OCR Task
OCR Task
OCR Overview
OCR (Optical Character Recognition) is the electronic conversion of images of typed, handwritten or printed text into machine-encoded text, whether from a scanned document, a photo of a document or from subtitle text superimposed on an image (for example, from a television broadcast).
OCR of input documents is a separate step of the development process - usually, this is the conversion from PDF into Text documents. The input quality of original documents influences a lot of the output of this process.
EasyRPA uses Tesseract OCR, which is integrated into separate task and proposes an OOTB (out-of-the-box) solution: there is no necessity to write or maintain any custom code.
OCR Task Usage
Now, let us give you a few steps necessary to implement this approach.
Define OcrTaskData as output in your Task class:
@Output(OcrTask.OCR_TASK_DATA_KEY) private OcrTaskData ocrTaskData;
OcrTask.OCR_TASK_DATA_KEY - input/output data key. OcrTask uses this key to get input data for OCR.
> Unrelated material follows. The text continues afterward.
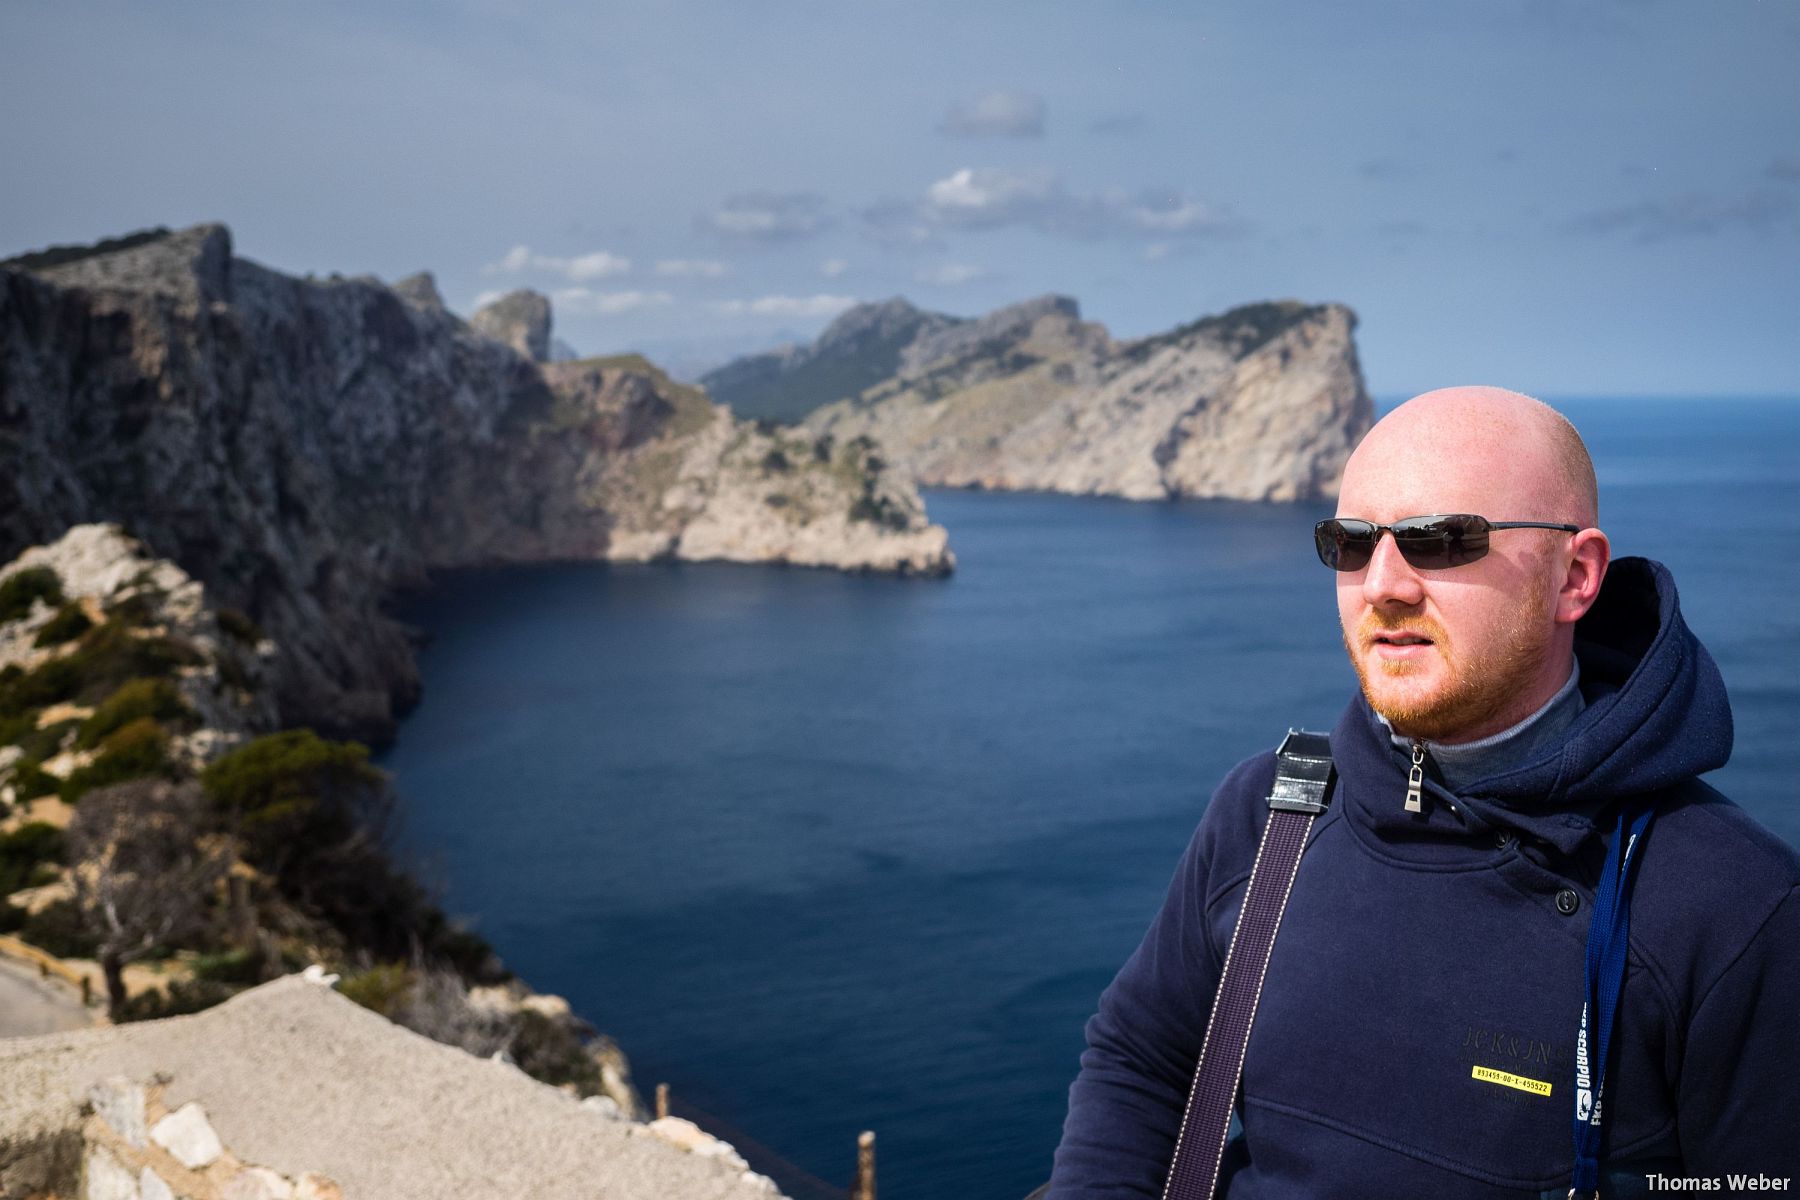 Fotograf Thomas Weber aus Oldenburg: Motorradtour und Fototour über die balearische Insel Mallorca 2015
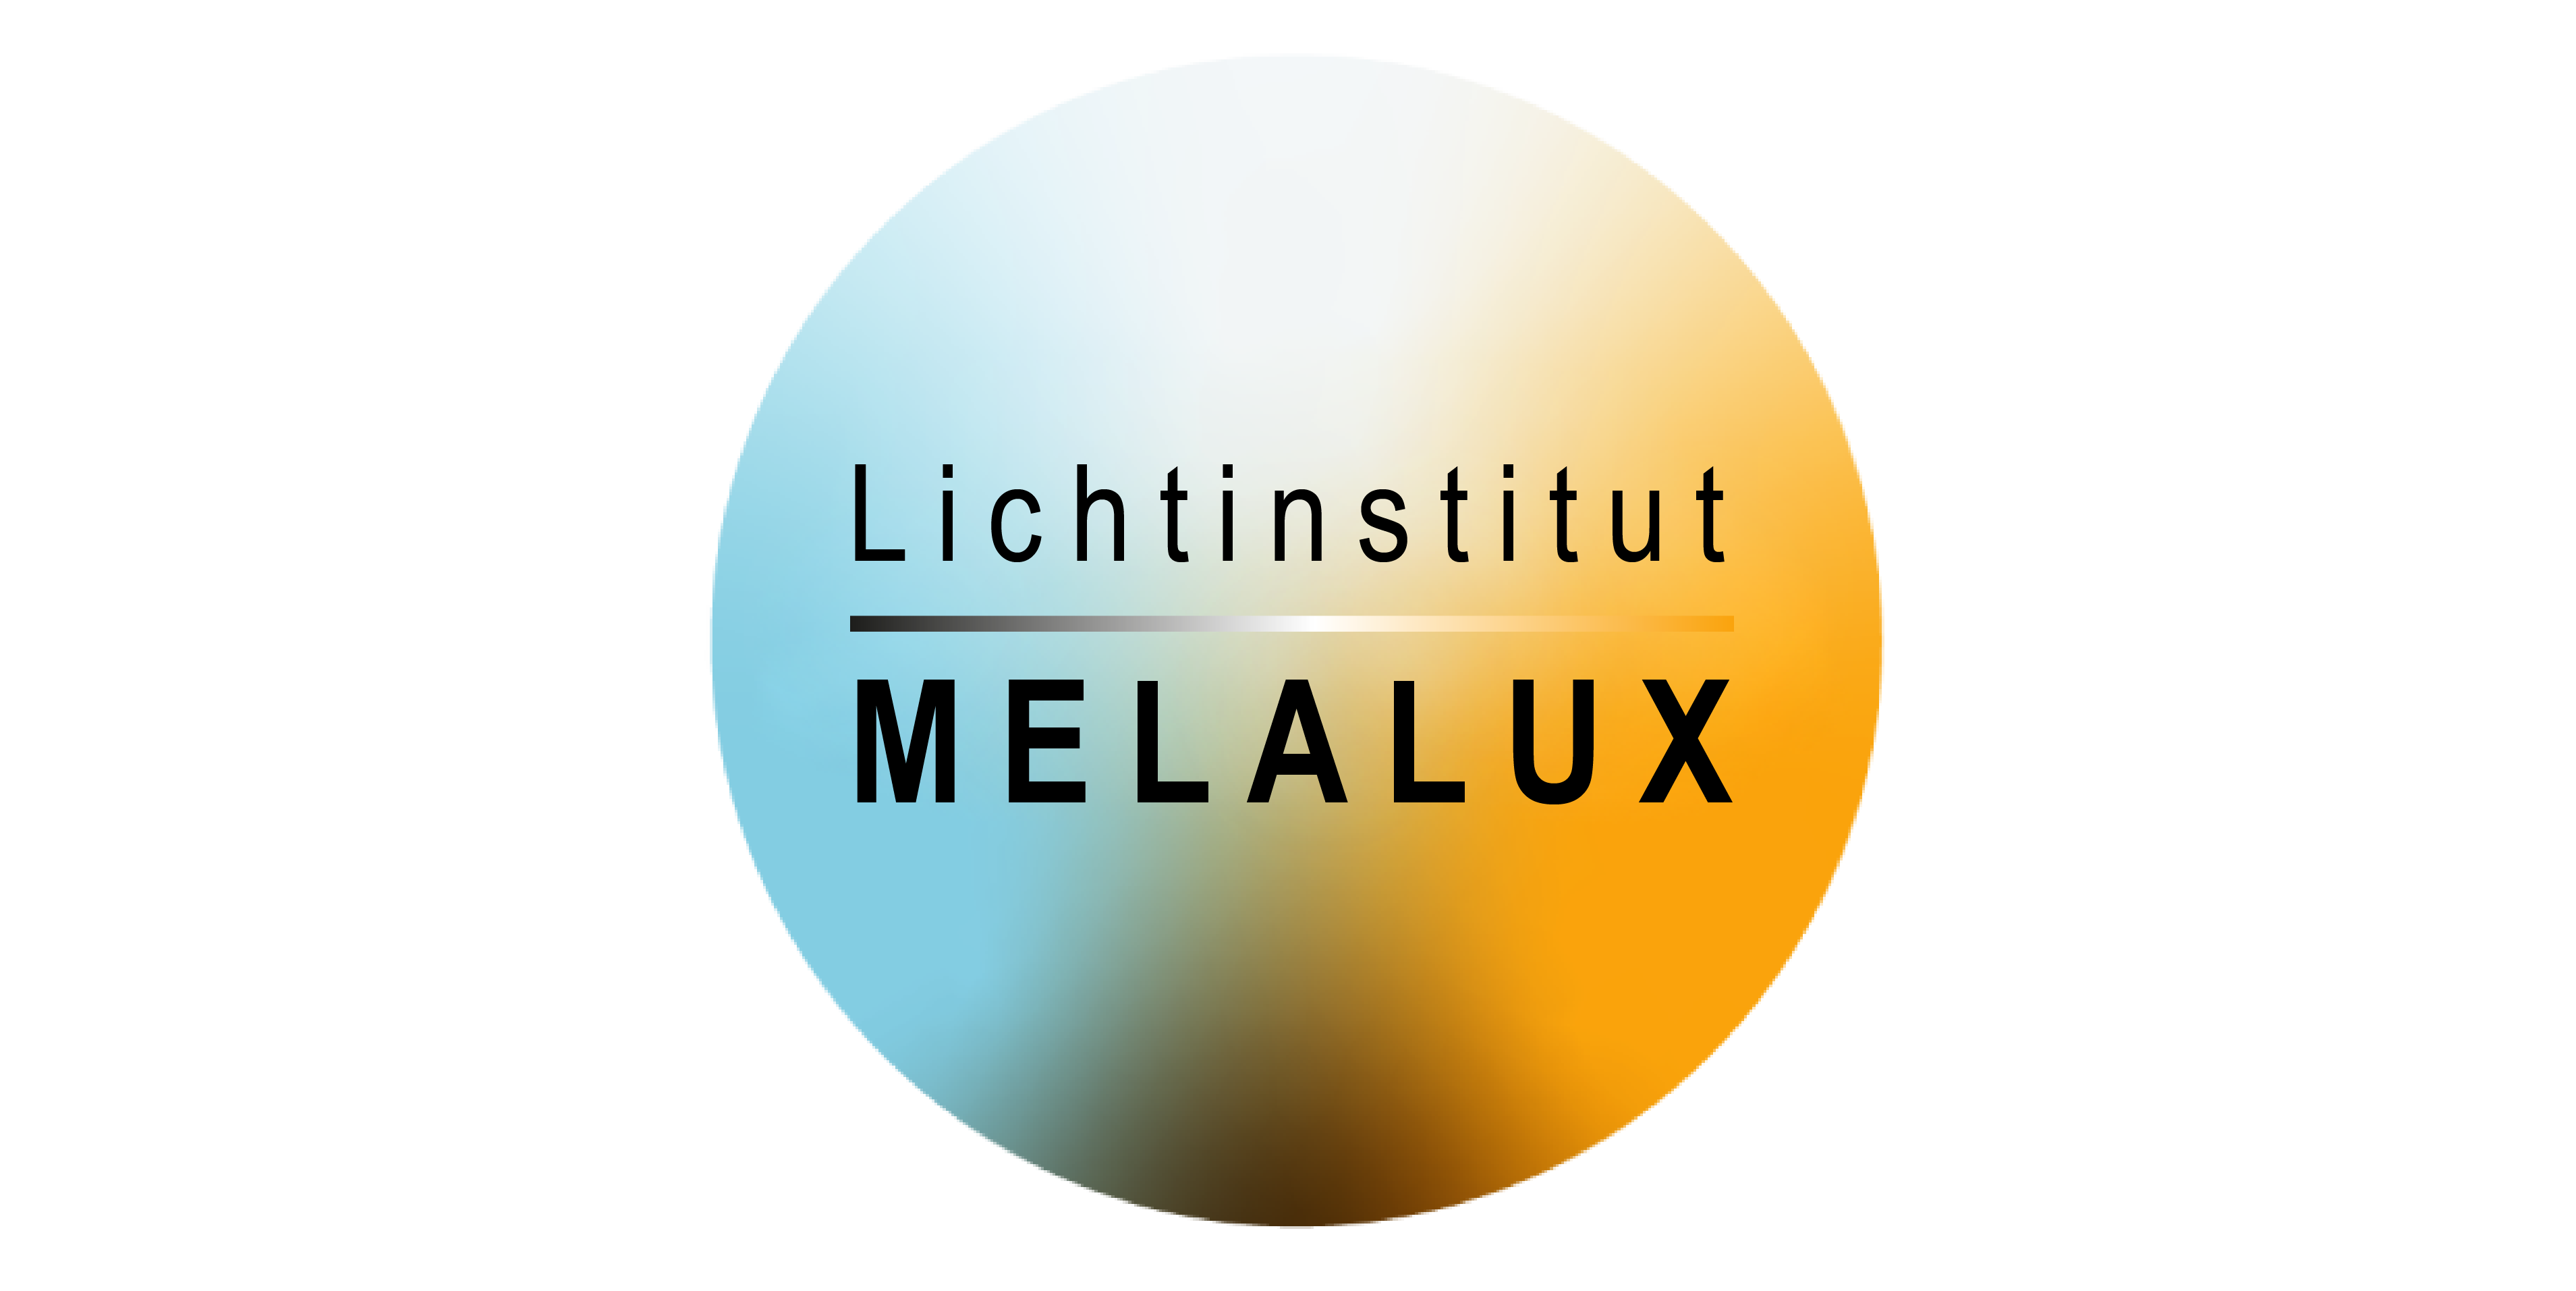 Lichtinstitut Melalux

Prepare OCR configuration providing S3 bucket name, Tesseract options and Image Magick options:
Map configuration = new HashMap<String, Object>(); configuration.put("bucket", "data"); configuration.put("ocrImageType", "png"); configuration.put("tesseractOptions", Arrays.asList("-l", "eng","--psm","3","--oem","3","--dpi", "800")); configuration.put("imageMagickOptions", Arrays.asList("-resample", "450", "-density", "350", "-quality", "100", "-background" , "white" , "-alpha" , "flatten")); configuration.put("hocrFixWords", Map.of("S(?=[0-9]+)", "\\$")); configuration.put("imagePostprocessScriptsBucket", "data/ap/scripts"); configuration.put("imagePostprocessScripts", Map.of( "textcleaner", Arrays.asList("-g", "-e", "stretch", "-f", "25", "-o", "20", "-t", "30", "-u", "-s", "1", "-T", "-p", "20")));
documents_bucket - the S3 bucket name which OCR will use to save results.
tesseractOptions - Tesseract command line options. "-l" and "eng" means language = eng etc. Please see the external documentation Tesseract Command Line Usage.
imageMagickOptions - OcrTask uses ImageMagick tool to split pdf by pages and print as images. You can provide a command line options to change some command line arguments. Please follow the ImageMagick Command Line documentation.
hocrFixWords - HocrPostProcessor uses this config to fix OCR mistakes. Postprocessor accepts regular expression and replaces all matches by value. Pay attention that dollar sign and backslash( ) should be escaped in value string.imagePostprocessScripts - optional image post-processing scripts. If specified will be run against image magic split results. Optional imagePostprocessScriptsBucket parameter allows providing scripts from and AP managed S3 bucket.
ocrImageType - optional image type to be used in the ImageMagick and postprocessing pipeline. By default it is 'jpg'. Note: only 'jpg' and 'png' types are supported OOTB, formats like 'tiff' would require extra setup of the browser for the Human Task view to display it correctly.
To initialize OcrTaskData you need to pass the S3 path to the particular document, add formats which will be used for getting OCR results and provide OCR configuration:
this.ocrTaskData = new OcrTaskData(); ocrTaskData.setDocumentLocation("ie_demo_invoice/invoice101.pdf"); ocrTaskData.getFormats().addAll(Arrays.asList(OcrFormats.TEXT, OcrFormats.HOCR, OcrFormats.JSON, OcrFormats.IMAGE)); ocrTaskData.setConfiguration(configuration);
document location - the document path on S3 Storage.
OcrFormats - the list of OCR formats which OCR Task is currently supported.
configuration - the configuration map which you must set from the 2nd item.Call OcrTask:
TaskOutput ocrInput = execute(getInput(), PrepareOcrTask.class).get(); TaskOutput ocrOutput = execute(ocrInput, OcrTask.class).get();
To get OCR use following example:
@ApTaskEntry(name = "Store OCR Result") @Slf4j @InputToOutput public class StoreOcrResult extends ApTask { @Input(OcrTask.OCR_TASK_DATA_KEY) private OcrTaskData ocrTaskData; @Override public void execute() { log.info("Received response OCR Task {} ", ocrTaskData.getTaskUuid()); List<OcrResult> ocrResults = this.ocrTaskData.getOcrResults(); //... } }
OcrTask.OCR_TASK_DATA_KEY - input/output data key. OcrTask uses this key to get input data for OCR.